Langerhans cell histiocytosis (LCH) is a rare hematological disorder characterized by local or generalized, uncontrolled proliferation and infiltration of Langerhans type of histiocytic cells. It represents a spectrum of clinicopathologic disorders, ranging from a highly aggressive and frequently fatal multisystem disease to an easily cured solitary lesion of bone. Involvement of children and the younger age group is more common than the adults. Oral cavity involvement occurs early in LCH, but the initial symptoms are generally nonspecific, often causing misdiagnosis. This report describes a rare case of chronic localized LCH in an adult patient, with involvement of oral cavity. A 34-year-old male patient presented with multiple nodulo-papular, ulcerated lesions in gingiva involving both the jaws (primarily mandible) and the left buccal mucosa, in addition to regional teeth mobility. The most striking feature was that even after extraction of mobile teeth, the lesions persisted. After recording proper history, performing clinical and radiological evaluation, an incisional biopsy was performed followed by histopathology and immunohistochemistry to reach a confirmatory diagnosis of LCH, thereby implementing early and appropriate initiation of treatment.

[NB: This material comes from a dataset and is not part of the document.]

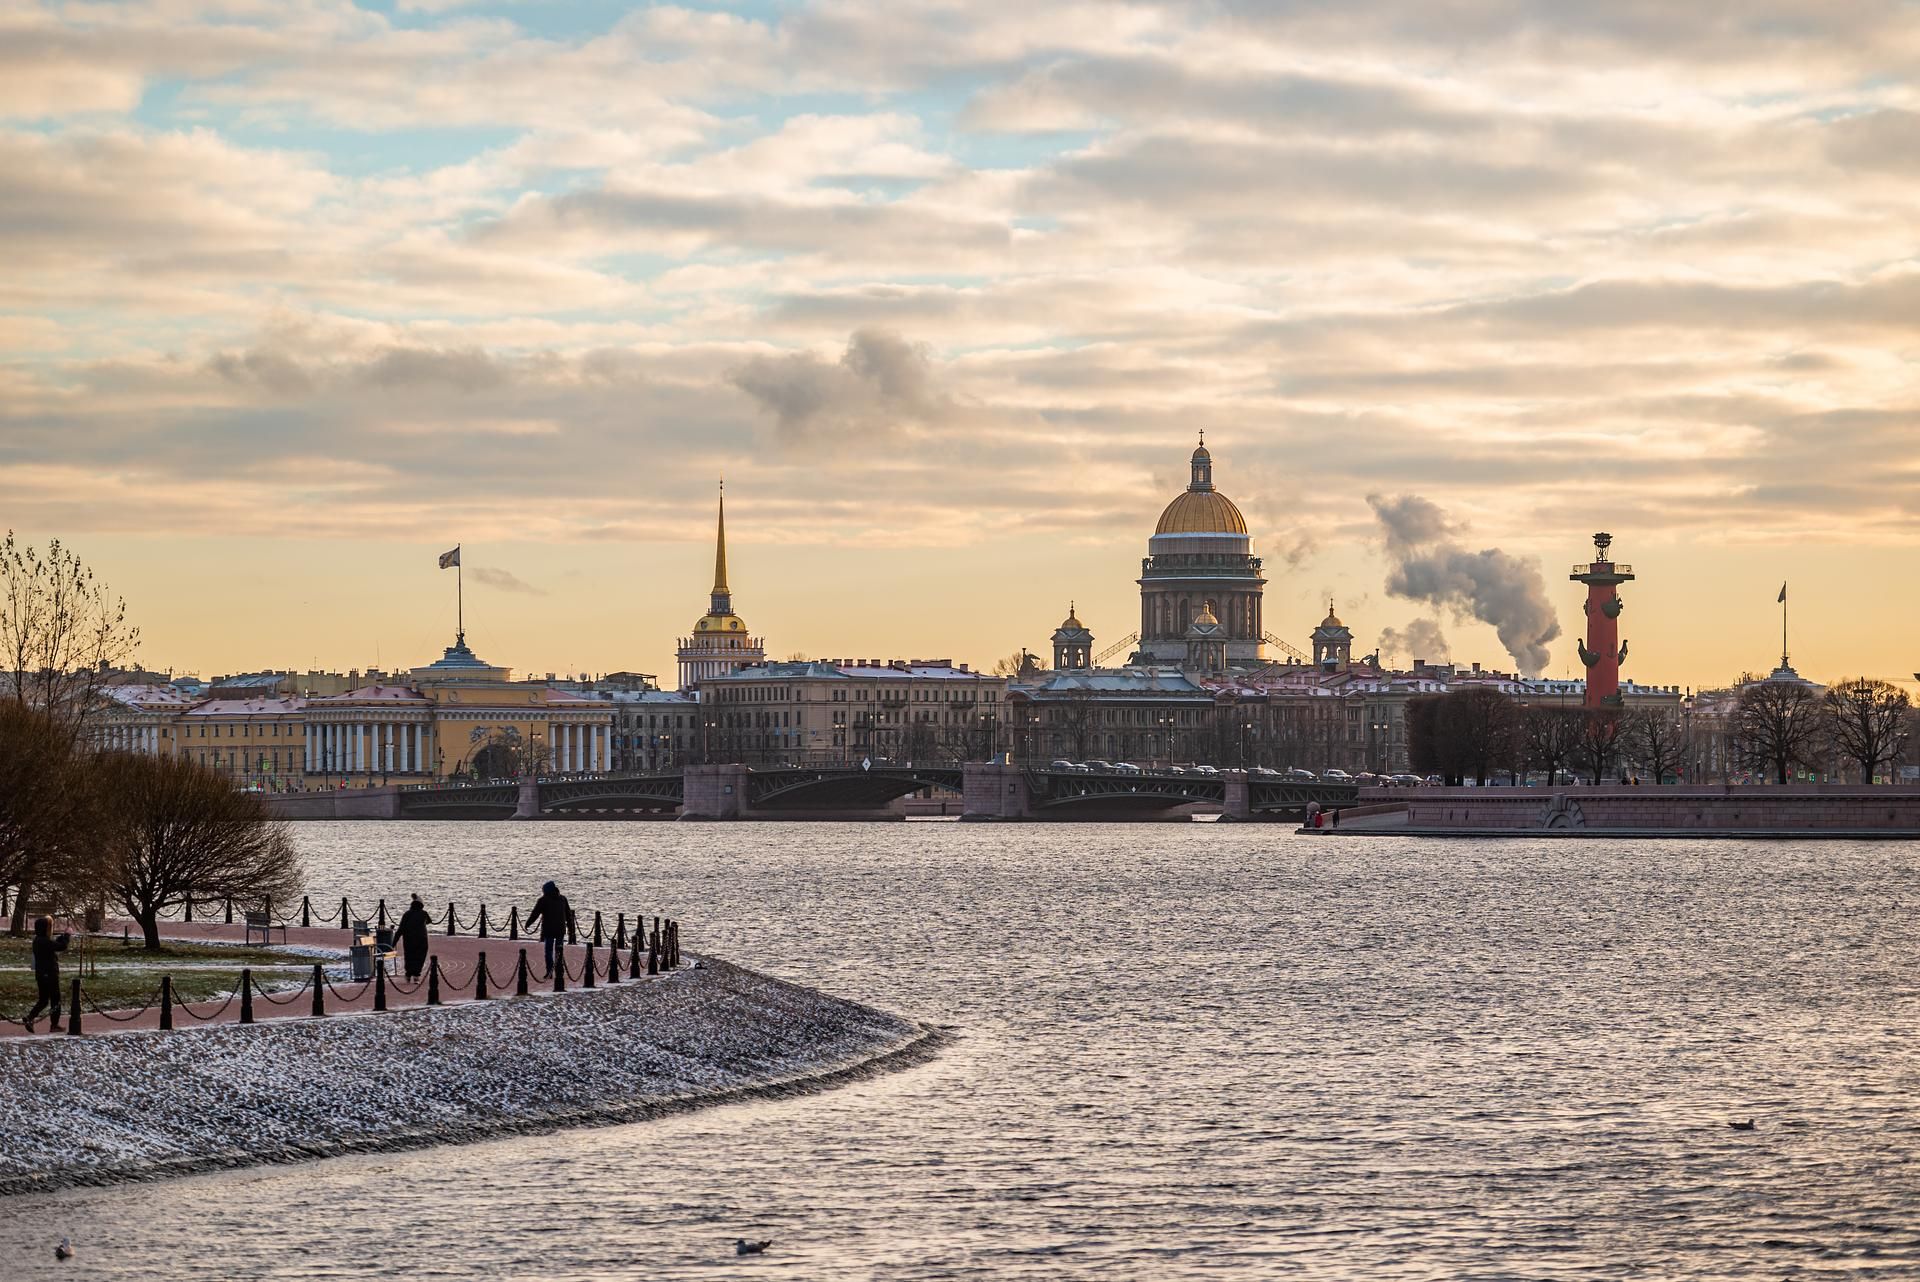 👌 Обзорная экскурсия по Санкт-Петербургу и  Эрмитаж (транспорт+гид)  (ИНДИВИДУАЛЬНАЯ)

Keywords: Eosinophilic granuloma, histiocytosis X, Langerhans cell, oral mucosa


How to cite this article:
Nangalia R, Chatterjee RP, Kundu S, Pal M. Langerhans cell histiocytosis in an adult with oral cavity involvement: Posing a diagnostic challenge. Contemp Clin Dent 2019;10:154-7

How to cite this URL:
Nangalia R, Chatterjee RP, Kundu S, Pal M. Langerhans cell histiocytosis in an adult with oral cavity involvement: Posing a diagnostic challenge. Contemp Clin Dent [serial online] 2019 [cited 2020 Aug 14];10:154-7. Available from: http://www.contempclindent.org/text.asp?2019/10/1/154/273157


   Introduction Top


Langerhans cell histiocytosis (LCH), previously known as histiocytosis X, is an uncommon hematological disorder characterized by uncontrolled, local, or generalized stimulation, proliferation, and infiltration of Langerhans type of histiocytic cells. Its clinical presentation varies from a highly destructive and lethal multisystem disease to an easily cured unifocal lesion of bone.[1] It affects 4–8 children/million and 1–2 adults/million each year (according to the Histiocytosis Association), with a 10%–20% mortality rate.[2],[3] LCH has no bias for race and has a predilection for males.[4],[5] The intensity of LCH is usually age related, because diffuse multisystem involvement with a poor prognosis occurs in early childhood, multifocal single-system disease is observed in children aged up to 5 years, and unifocal bone-limited disease affects the elder children.[6]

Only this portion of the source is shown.